[Input material]

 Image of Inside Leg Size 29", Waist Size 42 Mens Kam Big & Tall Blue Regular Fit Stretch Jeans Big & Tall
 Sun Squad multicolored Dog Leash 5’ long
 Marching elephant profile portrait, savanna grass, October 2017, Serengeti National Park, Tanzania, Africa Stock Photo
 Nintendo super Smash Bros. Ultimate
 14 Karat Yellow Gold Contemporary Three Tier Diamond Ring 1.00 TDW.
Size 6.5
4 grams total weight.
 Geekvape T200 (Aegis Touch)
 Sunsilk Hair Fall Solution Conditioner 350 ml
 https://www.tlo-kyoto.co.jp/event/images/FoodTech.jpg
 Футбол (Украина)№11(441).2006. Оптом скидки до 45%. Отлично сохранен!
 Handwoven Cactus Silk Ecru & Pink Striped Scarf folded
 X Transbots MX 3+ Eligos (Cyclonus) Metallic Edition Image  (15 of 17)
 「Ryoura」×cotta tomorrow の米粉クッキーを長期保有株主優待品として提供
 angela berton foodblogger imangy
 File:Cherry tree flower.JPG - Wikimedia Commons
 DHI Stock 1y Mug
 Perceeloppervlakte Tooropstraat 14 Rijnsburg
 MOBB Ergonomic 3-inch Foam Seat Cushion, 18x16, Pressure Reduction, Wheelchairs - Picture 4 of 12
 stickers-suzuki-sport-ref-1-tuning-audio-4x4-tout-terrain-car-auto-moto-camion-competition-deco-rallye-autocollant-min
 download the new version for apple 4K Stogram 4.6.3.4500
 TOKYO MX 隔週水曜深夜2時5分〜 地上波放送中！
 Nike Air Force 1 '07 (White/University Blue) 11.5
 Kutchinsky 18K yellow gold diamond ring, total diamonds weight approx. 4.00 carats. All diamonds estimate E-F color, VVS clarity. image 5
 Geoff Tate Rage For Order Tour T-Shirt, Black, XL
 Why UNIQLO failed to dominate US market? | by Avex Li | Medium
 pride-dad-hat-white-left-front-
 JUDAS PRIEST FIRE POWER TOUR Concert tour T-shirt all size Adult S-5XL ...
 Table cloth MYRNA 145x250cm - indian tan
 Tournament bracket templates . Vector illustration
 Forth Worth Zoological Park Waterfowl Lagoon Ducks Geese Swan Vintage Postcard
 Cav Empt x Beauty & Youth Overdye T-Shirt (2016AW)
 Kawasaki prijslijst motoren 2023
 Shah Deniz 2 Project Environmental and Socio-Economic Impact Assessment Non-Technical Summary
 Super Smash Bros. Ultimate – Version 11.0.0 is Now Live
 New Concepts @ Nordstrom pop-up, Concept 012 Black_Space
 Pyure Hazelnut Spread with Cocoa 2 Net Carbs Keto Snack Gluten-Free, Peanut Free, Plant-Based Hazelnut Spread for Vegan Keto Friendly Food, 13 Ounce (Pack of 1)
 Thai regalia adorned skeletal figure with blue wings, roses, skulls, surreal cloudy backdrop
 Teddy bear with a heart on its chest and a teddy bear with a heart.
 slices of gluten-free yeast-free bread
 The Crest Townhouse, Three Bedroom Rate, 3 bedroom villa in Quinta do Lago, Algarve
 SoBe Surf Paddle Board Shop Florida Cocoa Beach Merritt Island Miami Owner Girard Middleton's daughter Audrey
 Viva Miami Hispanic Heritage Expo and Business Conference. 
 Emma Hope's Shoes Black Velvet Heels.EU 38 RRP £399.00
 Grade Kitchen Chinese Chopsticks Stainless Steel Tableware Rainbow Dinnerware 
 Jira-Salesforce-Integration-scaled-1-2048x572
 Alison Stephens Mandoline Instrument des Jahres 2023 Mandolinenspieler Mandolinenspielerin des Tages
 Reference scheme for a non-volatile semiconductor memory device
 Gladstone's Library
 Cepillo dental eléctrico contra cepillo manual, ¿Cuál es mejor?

[/Input material]

:: Task details ::
In the entries above, find the line holding "Forth Worth Zoological" and the line holding "Pyure Hazelnut Spread"; print both of them and every line between, exactly, and nothing else.

:: Final answer ::
 Forth Worth Zoological Park Waterfowl Lagoon Ducks Geese Swan Vintage Postcard
 Cav Empt x Beauty & Youth Overdye T-Shirt (2016AW)
 Kawasaki prijslijst motoren 2023
 Shah Deniz 2 Project Environmental and Socio-Economic Impact Assessment Non-Technical Summary
 Super Smash Bros. Ultimate – Version 11.0.0 is Now Live
 New Concepts @ Nordstrom pop-up, Concept 012 Black_Space
 Pyure Hazelnut Spread with Cocoa 2 Net Carbs Keto Snack Gluten-Free, Peanut Free, Plant-Based Hazelnut Spread for Vegan Keto Friendly Food, 13 Ounce (Pack of 1)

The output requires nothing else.